Secondary data analysis using Evidence-Based Bayesian Networks with an application to investigate the determinants of childhood stunting


YET B., Öykü Başerdem E., Rosenstock T.

Expert Systems with Applications, cilt.256, 2024 (SCI-Expanded) identifier

  • Yayın Türü: Makale / Tam Makale
  • Cilt numarası: 256
  • Basım Tarihi: 2024
  • Doi Numarası: 10.1016/j.eswa.2024.124940
  • Dergi Adı: Expert Systems with Applications
  • Derginin Tarandığı İndeksler: Science Citation Index Expanded (SCI-EXPANDED), Scopus
  • Anahtar Kelimeler: Abstraction, Bayesian Networks, Childhood Stunting, Secondary Data
  • Orta Doğu Teknik Üniversitesi Adresli: Evet

Özet

Secondary data – data previously collected by other researchers for a different purpose – offers a cost-effective and readily available resource for research and policy or program design but presents challenges due to the lack of control of sampling design or data.
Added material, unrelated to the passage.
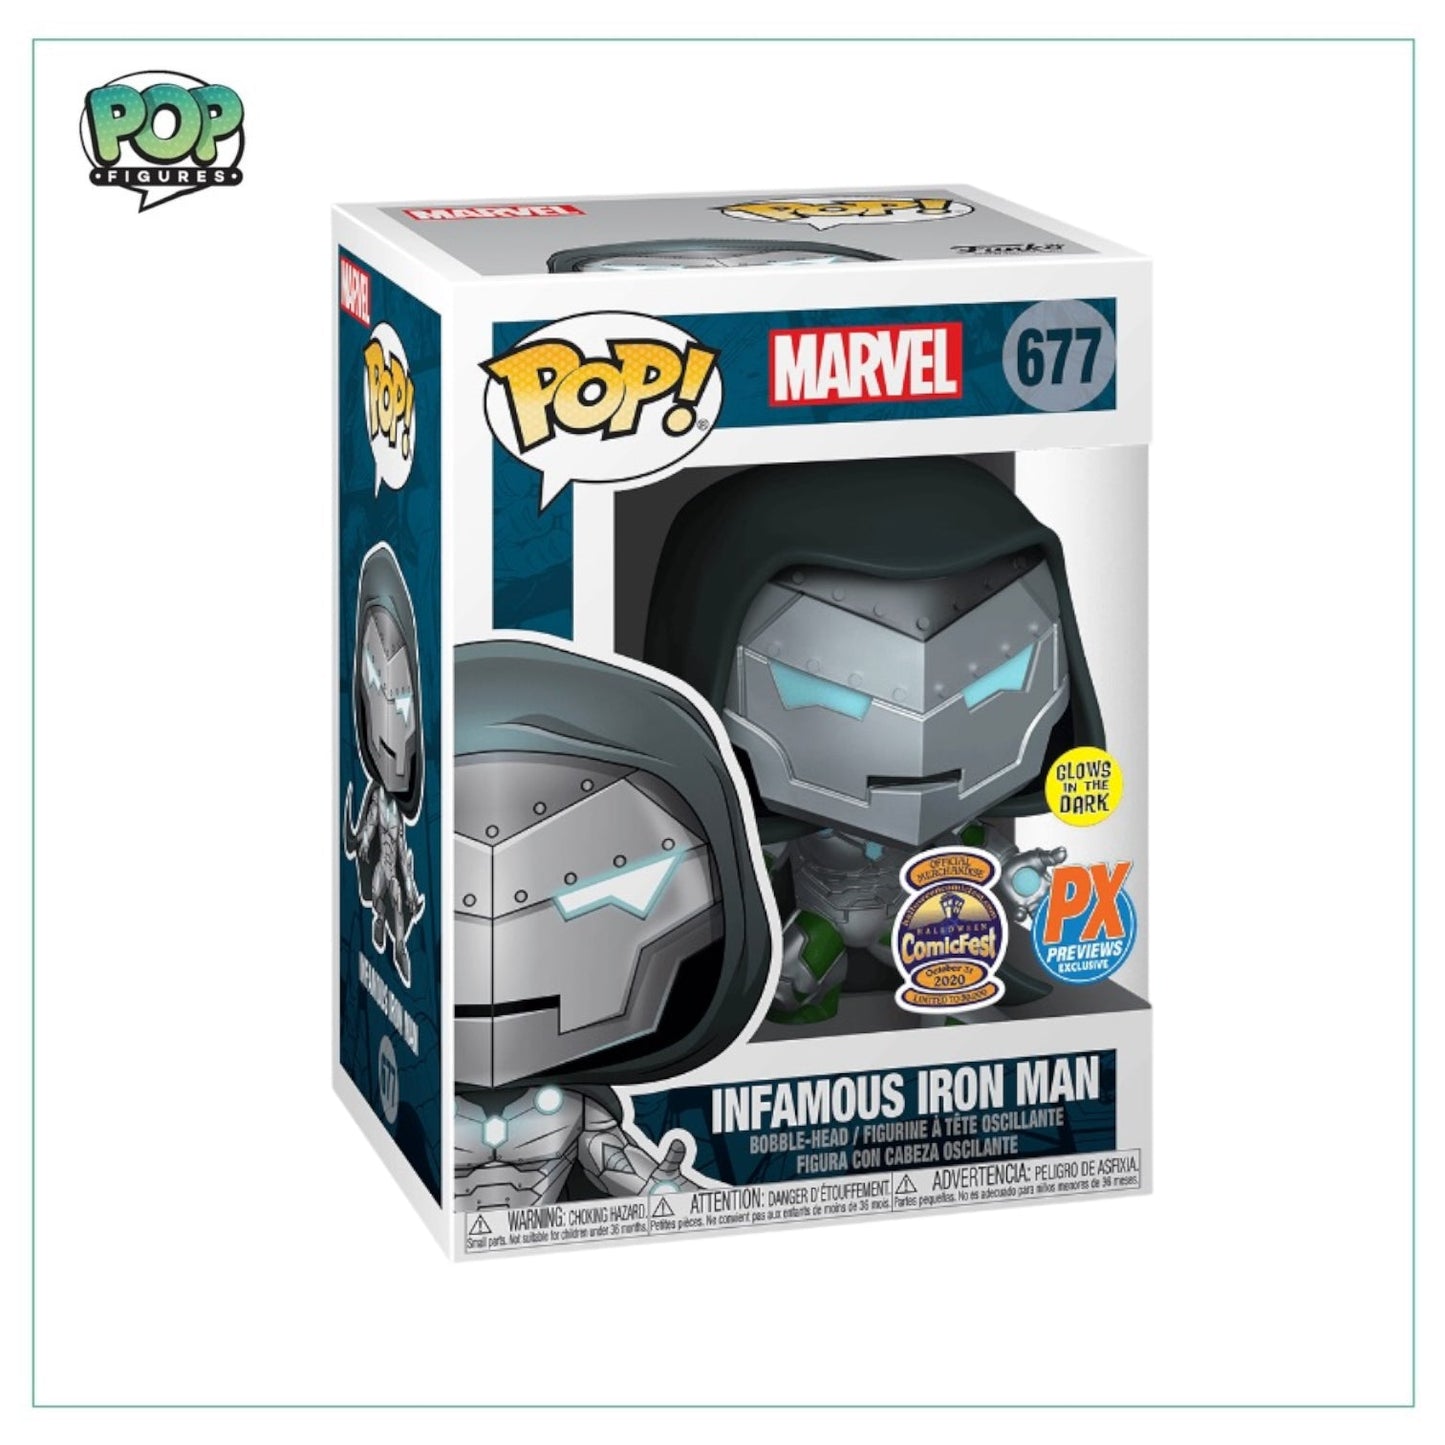 Infamous Iron Man (glow in the dark) #677 Funko Pop! - Marvel - Halloween Comicfest 2020 LE30000- Px Preview Exclusive - Angry Cat

Bayesian Networks (BN) are well-suited for guiding secondary data analysis as their graphical structure can encode domain knowledge about the causal relationships among factors, and secondary data can be used to learn the nature and strength of these relationships. In order to build BNs from a combination of knowledge and secondary data, the causal structure is firstly built based on expert knowledge and published evidence, and then the parameters are learned from the data. However, the variables in secondary data often imperfectly match the variables in the causal BN structure. When ad-hoc structural modifications are made to match the structure and data, the link between the parameterized model and the supporting knowledge and evidence is lost. This paper presents a systematic method of building BNs based on secondary data. We build the BN structure based on published evidence and expert interviews, carefully documenting the origin of evidence for each relation in the BN. We use formal BN abstraction operations to match the expert structure with the secondary data. The causal and associational implications of applying abstraction operations are traced, making it possible to link the original BN with the parameterized model and trace it back to more complicated models when additional data become available. The method is demonstrated by building a BN model for the drivers of childhood stunting. The BN model puts together the rich published evidence in this domain in a BN structure and evidence-base while learning the parameters of this model from the Demographic and Health Survey (DHS) datasets for India and Senegal. We compared the BNs built by our approach to BNs learned purely from secondary data using structure learning algorithms. We found that none of the learning algorithms can lead to structures close to the evidence-based model. Yet, the link between our models and the evidence is clearly established due to abstraction approaches. The stunting case study demonstrates the advantages of having a clear evidence-base and building a formal link between the evidence and secondary data using abstraction. The resulting models and supporting evidence can be browsed in an online tool.